Left to right: filmmaker Zeberiah Newman and Unexpected's stars, Ciarra 'Ci Ci' Covin and Masonia Traylor
Newman currently serves as a producer on the Late Late Show With James Corden and directed 2021’s Right to Try, a documentary short about long-term HIV survivor Jeffrey Drew, who literally put his life on the line to find a cure for HIV.
“I’m a storyteller, I’m not necessarily an activist,” Newman clarifies, “but while making Right to Try, [I kept] coming up against all this information about how HIV is really exploding in the Southern states, in Black communities — and I kept hearing about this intense stigma, this crumbling health care system, and just a lot of forces at play that made it a very compelling story. And so I just wanted to see what I could find out. I started talking to people and, you know, once you meet [the women featured in Unexpected], you fall in love with them.”
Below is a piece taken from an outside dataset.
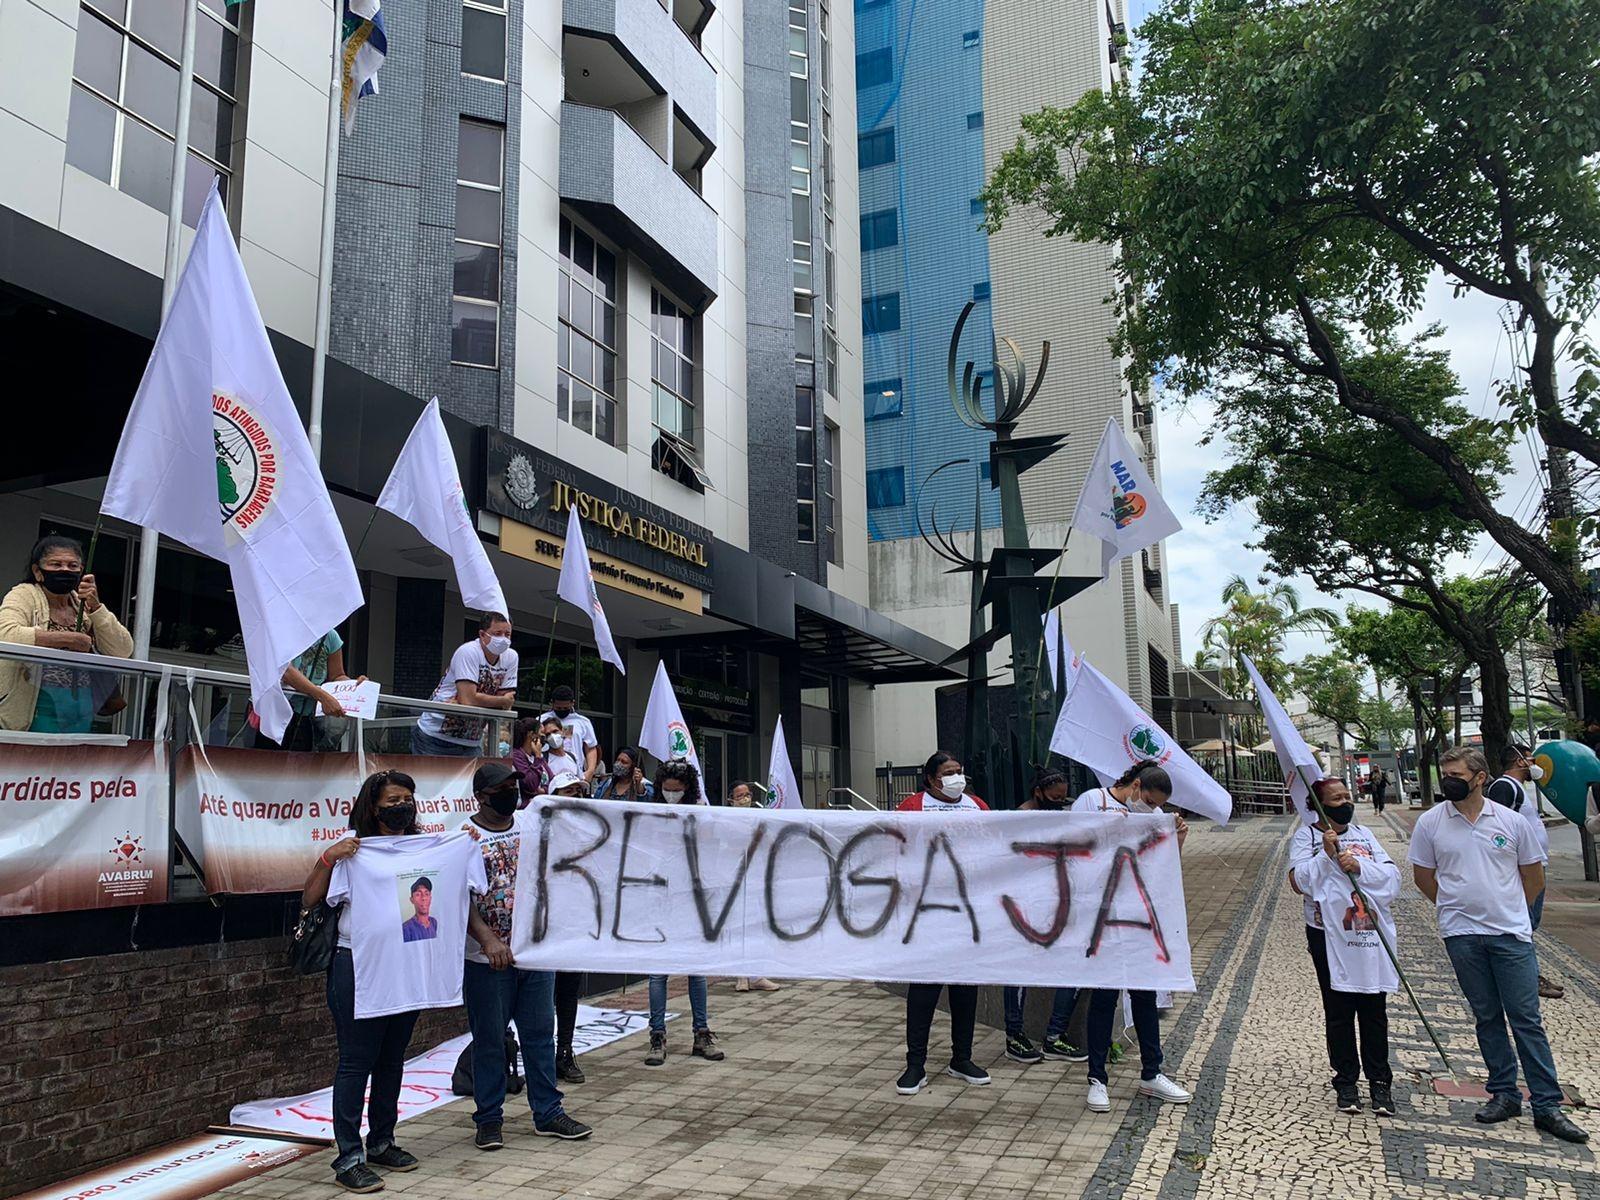 Parentes de vítimas e atingidos pela tragédia da Vale fazem protesto contra decisão do STJ que anulou denúncia por 270 mortes
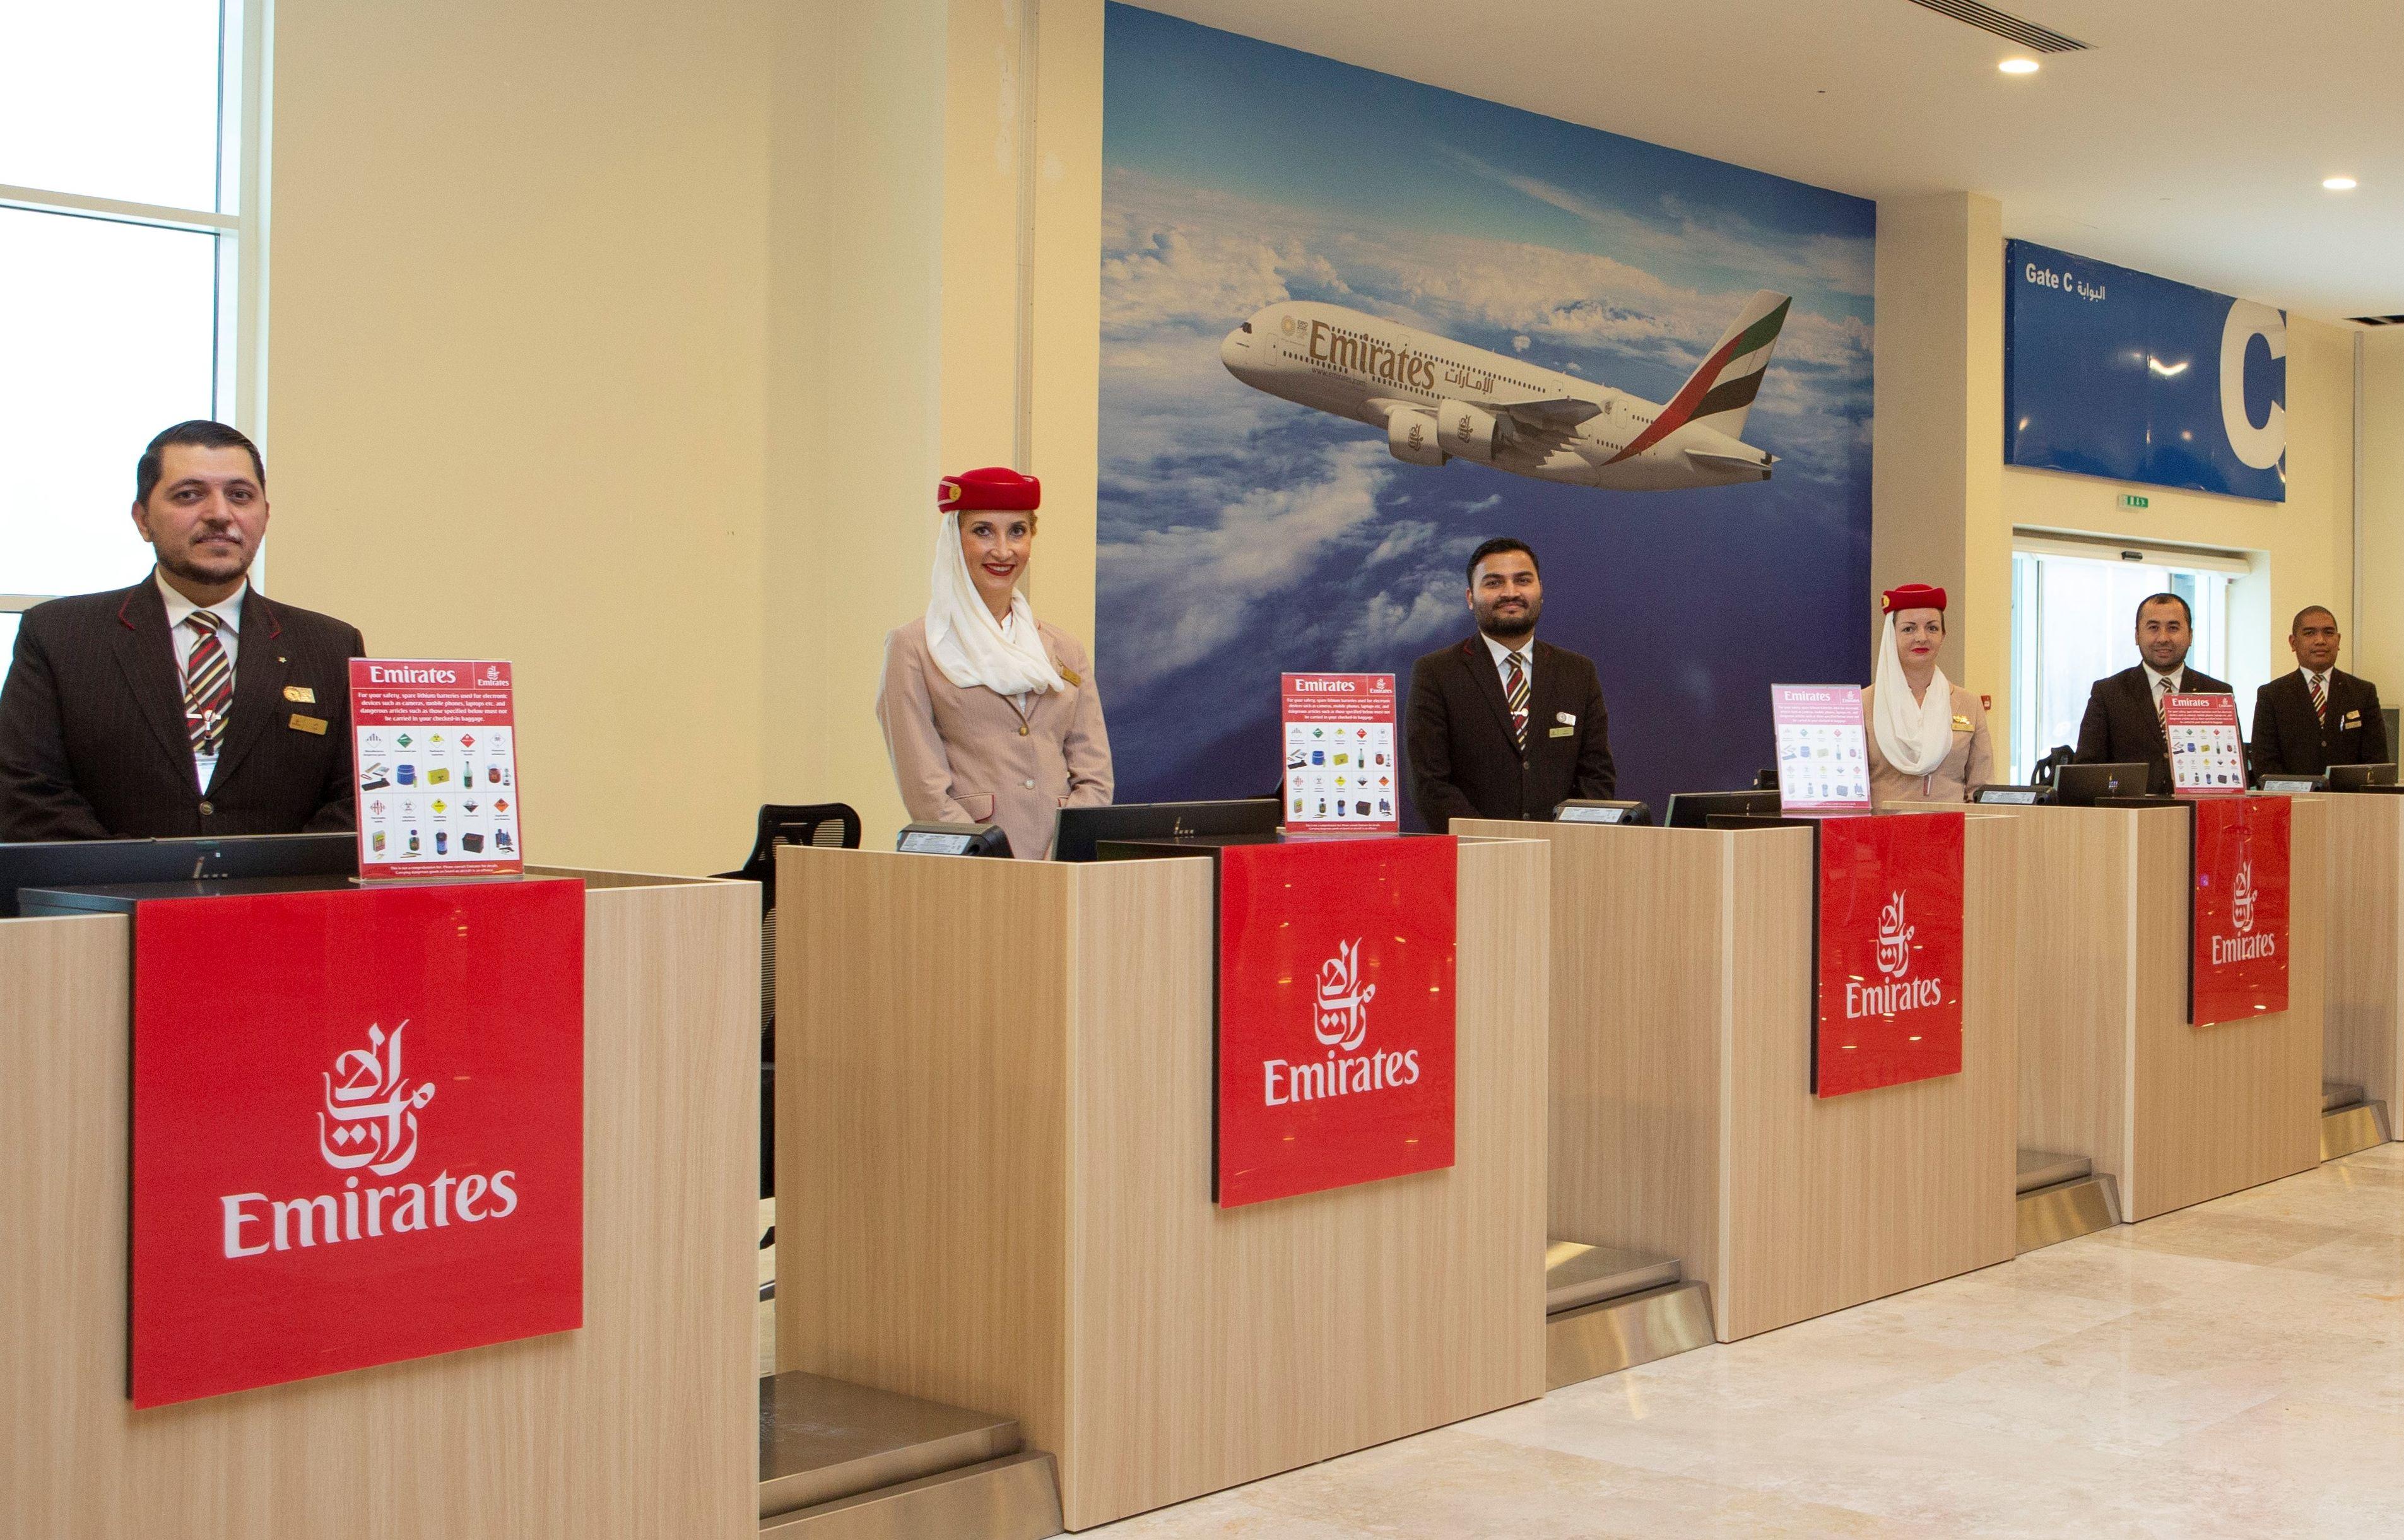 Der er otte check-in skranker i Emirates' krydstogtterminal i havnebyen Port Rashid, der modtager krydstogtskibe til og fra emiratet Dubai. PR-foto: Emirates.

“It’s crazy that I’m doing these back-to-back HIV stories,” he adds, “because, like I said, I’m not really an activist — but they’re just incredible stories that people need to know.”
Scenes from the documentary Unexpected, a short film about Black women living with HIV that Ralph produced
Newman also confesses that his collaboration with Ralph on the project may have been a little more than just divine intervention.
“I was kind of chasing her a little,” Newman says with a chuckle. “I mean, full disclosure, I’m a huge fan of hers. And when I was doing Right to Try, her name kept popping up [because] her work in this space is sort of legendary, and it’s very well documented that her foundation has been at the forefront of this issue for like 30-something years.”
Fortunately for the world, the project came to fruition and, as of press time, Unexpected is gearing up to make its debut in the 2023 film festival circuit.
As we conclude our conversation with this legendary diva, she tells us, “I have really spent my life trying to do the best that I can in living my life and conducting myself as a human being — the rules that I’ve chosen in my career, the way I’ve been able to use my platform, the movements that I choose to support and talk about through my platform. I just encourage anybody, live your truth, live your life. Be as good as you can for as long as you can. [Be as] patient as you can and kind as you can.”